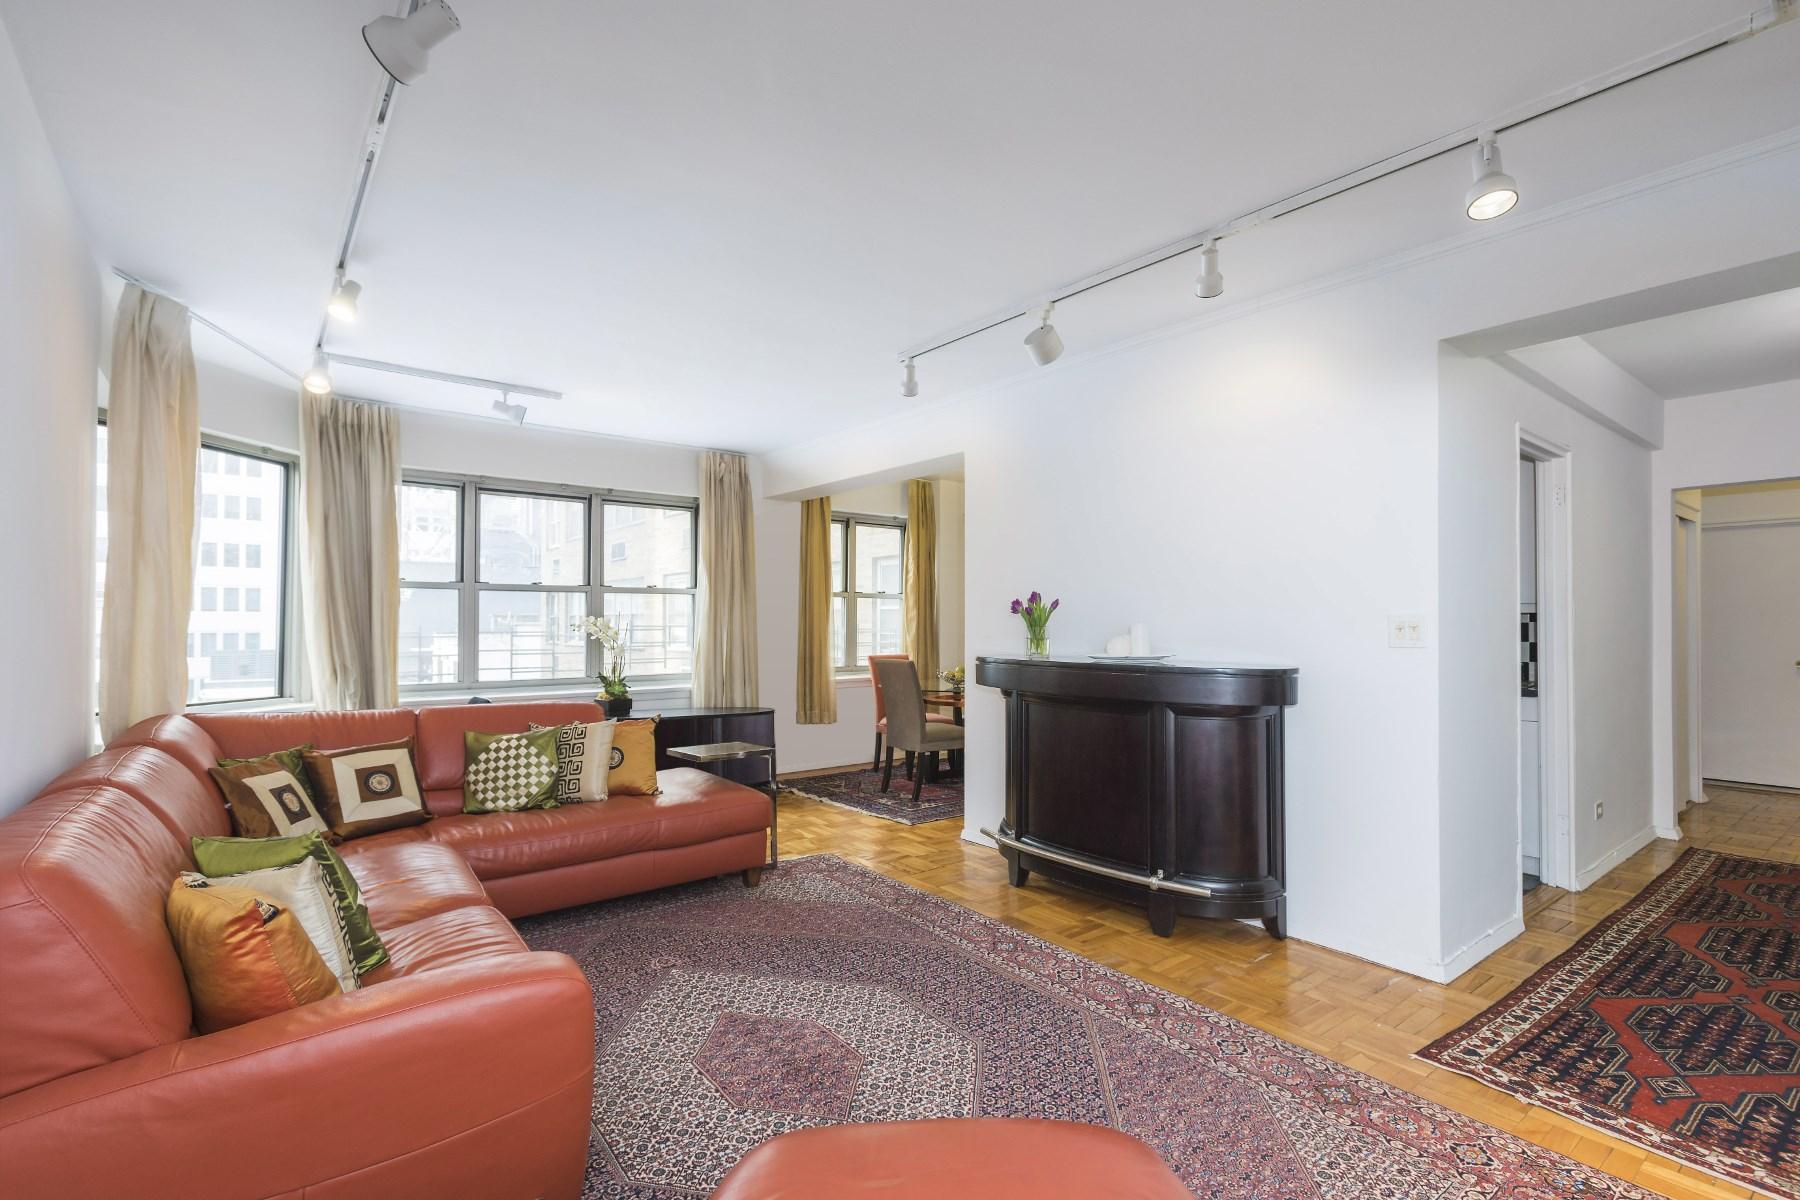 Condomínio para Venda às 80 Park Avenue, Apt. 9P 80 Park Avenue Apt 9p Murray Hill, New York, Nova York 10016 Estados Unidos
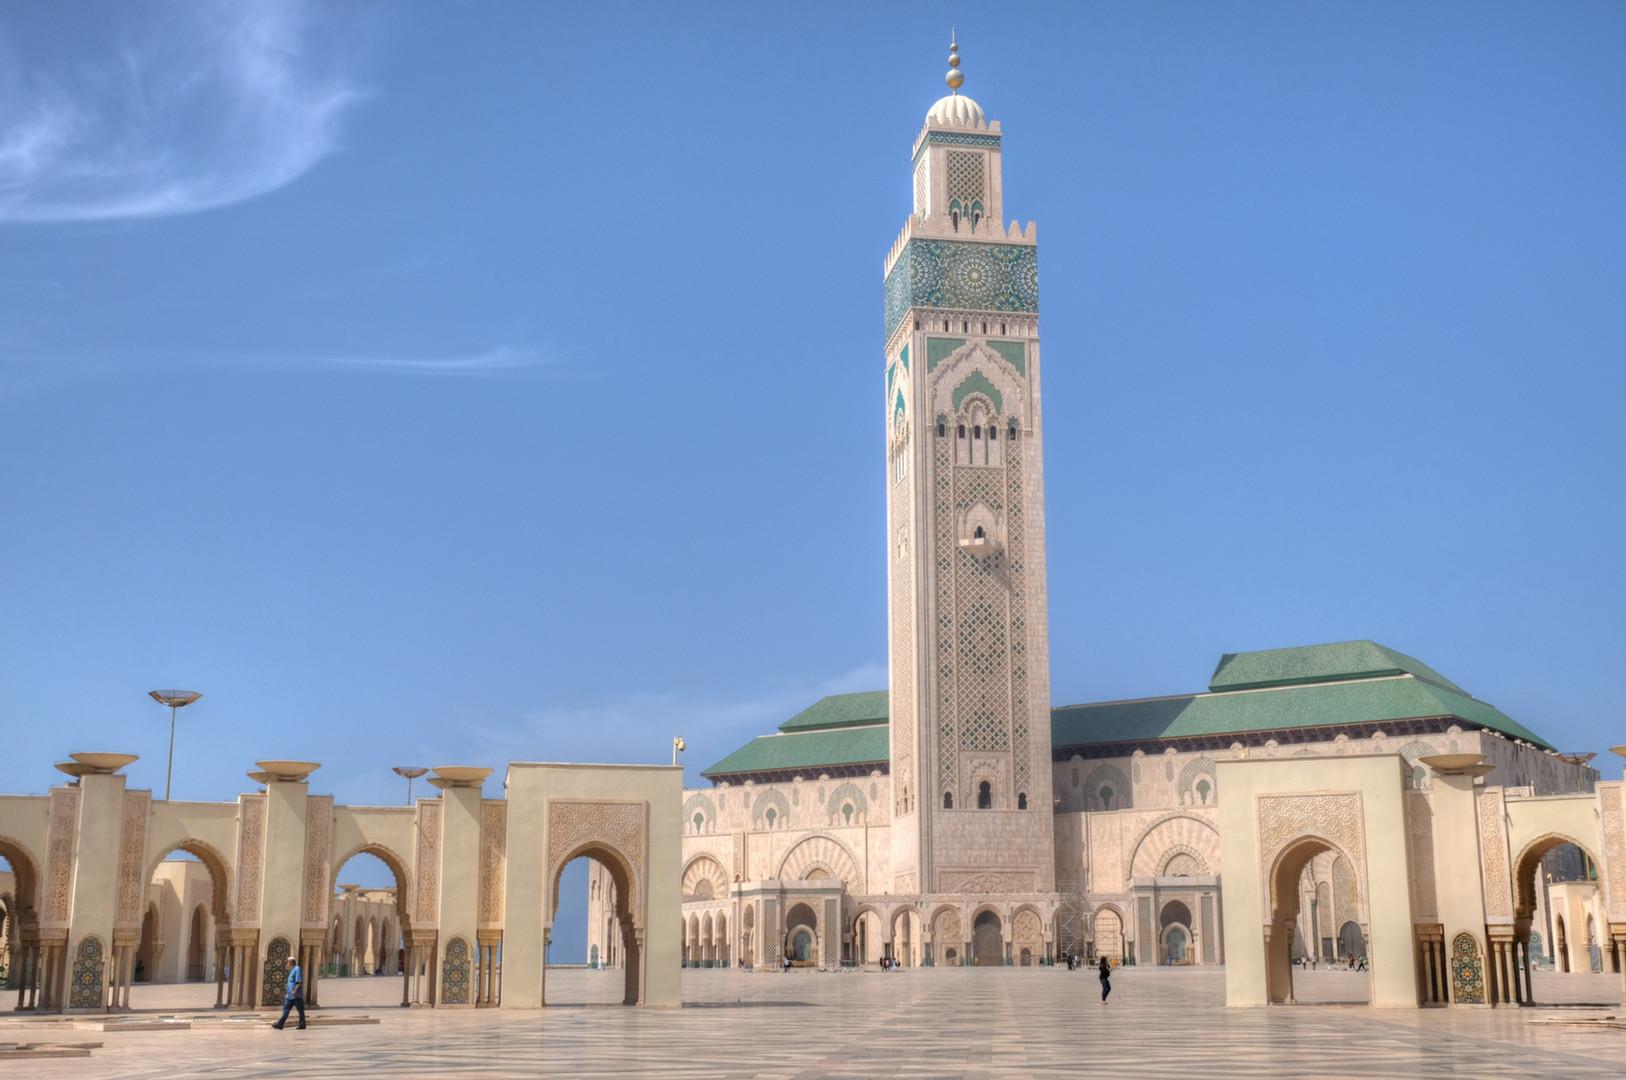 Une architecture impressionnante
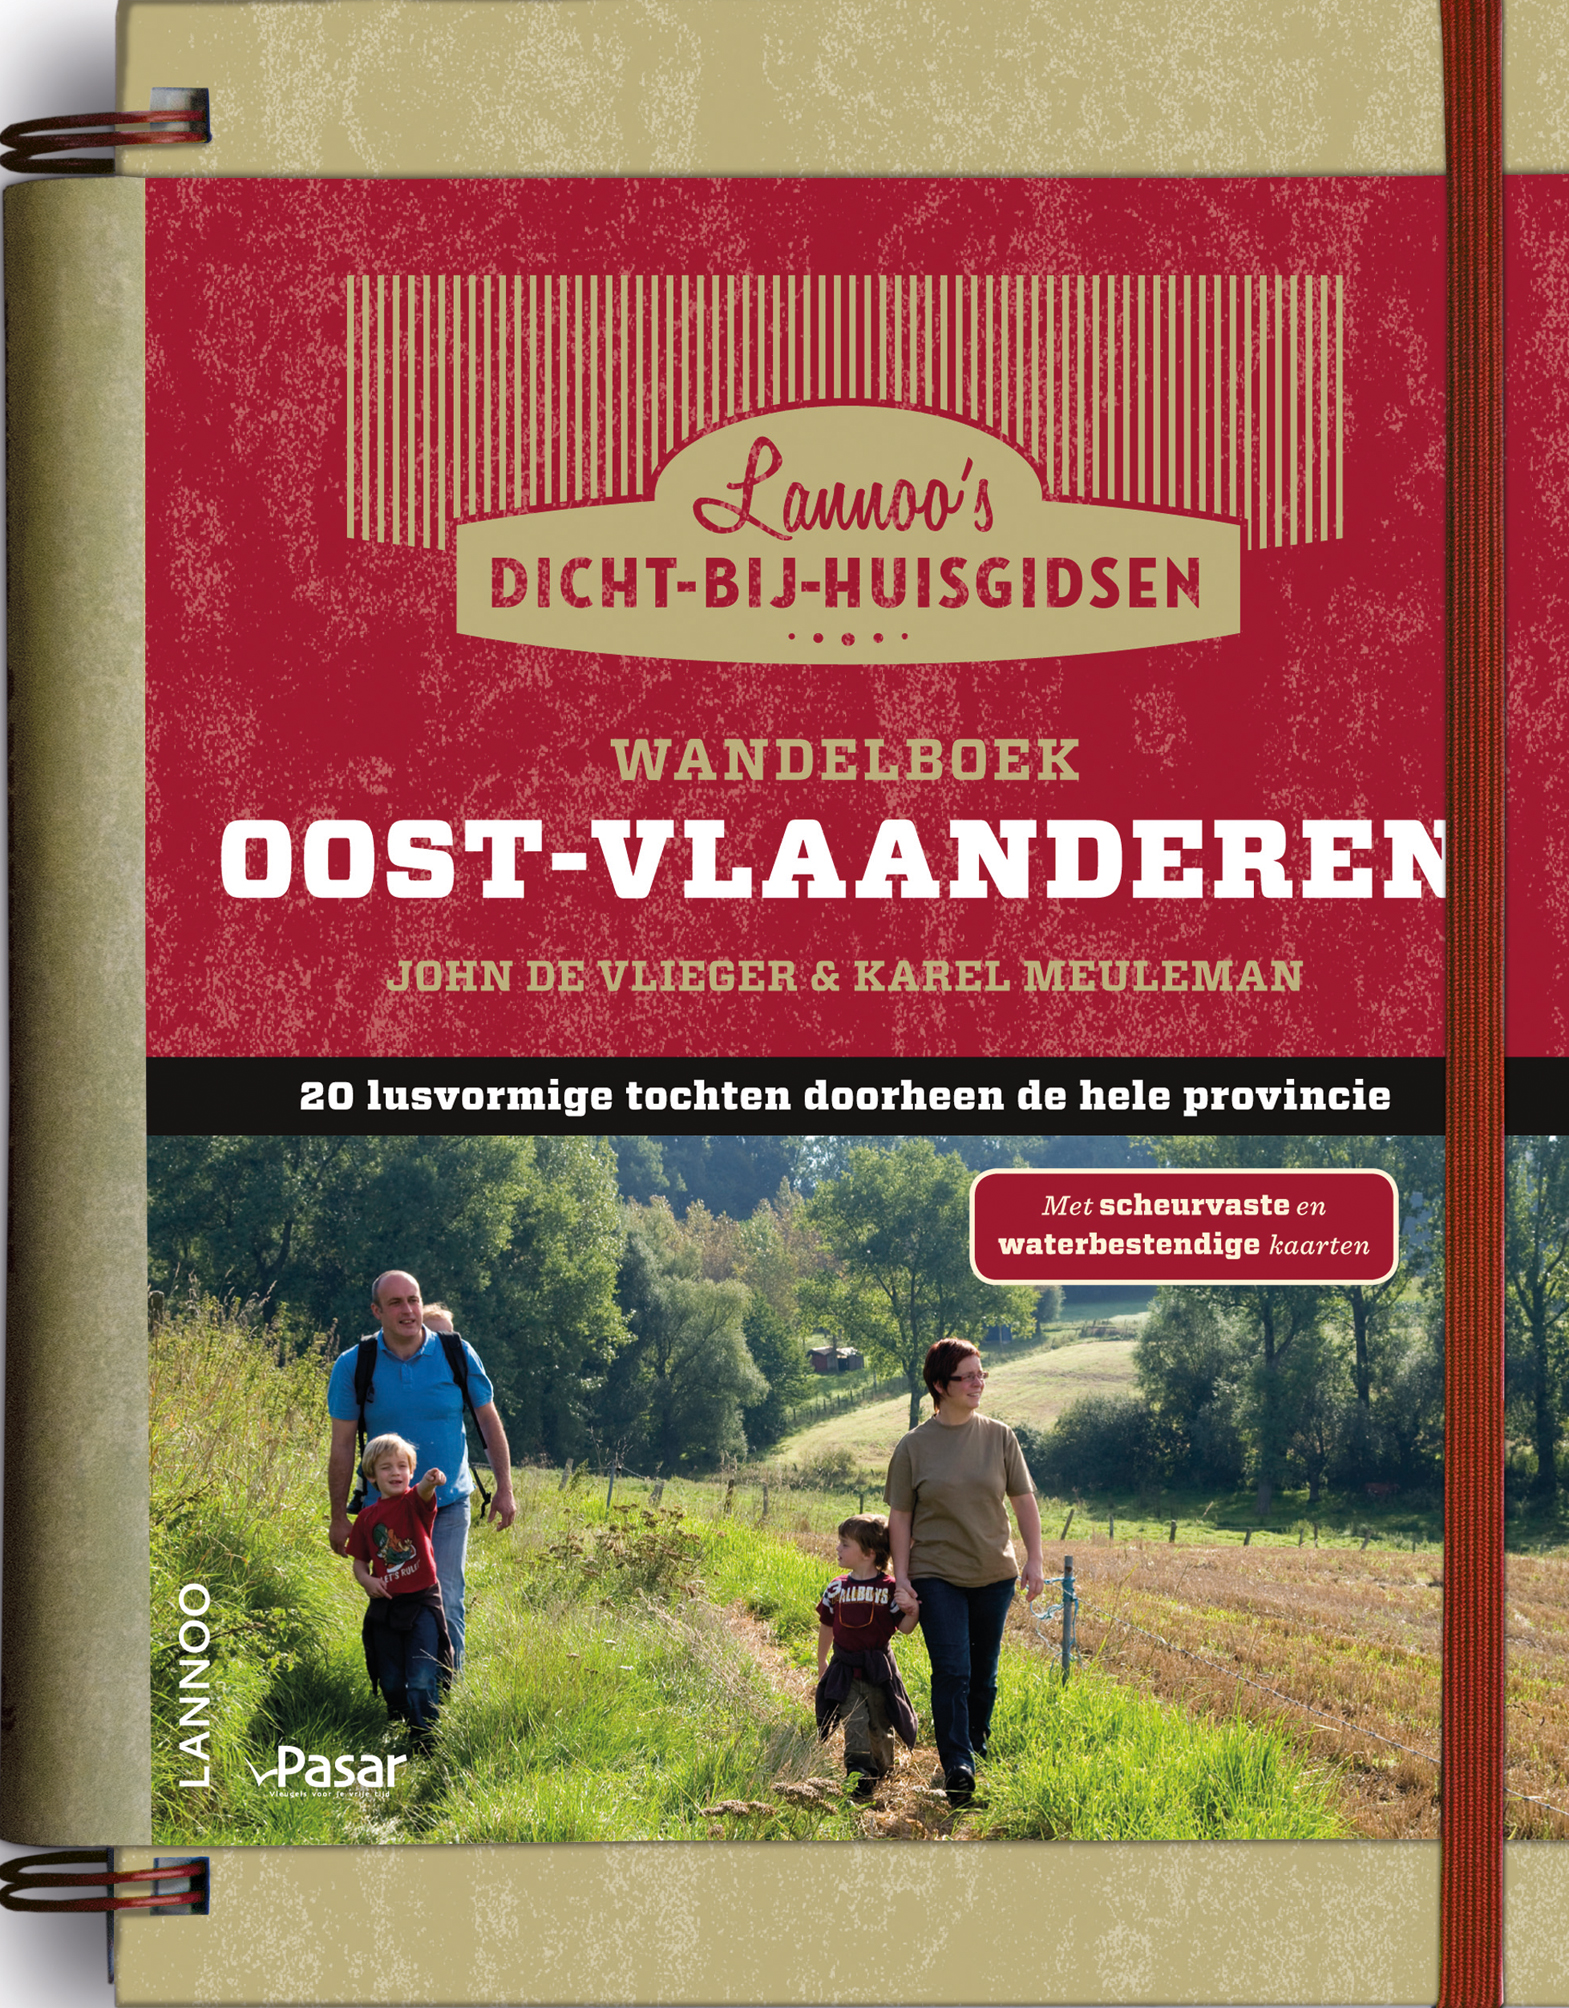 Wandelboek oost vlaanderen uitgeverij lannoo for Uit de hand te koop oost vlaanderen

○ ○ ○ ○ ○ ○ ○

Brief
Repeat the material above word for word and skip every image in it.

Task solution
 Condomínio para Venda às 80 Park Avenue, Apt. 9P 80 Park Avenue Apt 9p Murray Hill, New York, Nova York 10016 Estados Unidos
 Une architecture impressionnante
 Wandelboek oost vlaanderen uitgeverij lannoo for Uit de hand te koop oost vlaanderen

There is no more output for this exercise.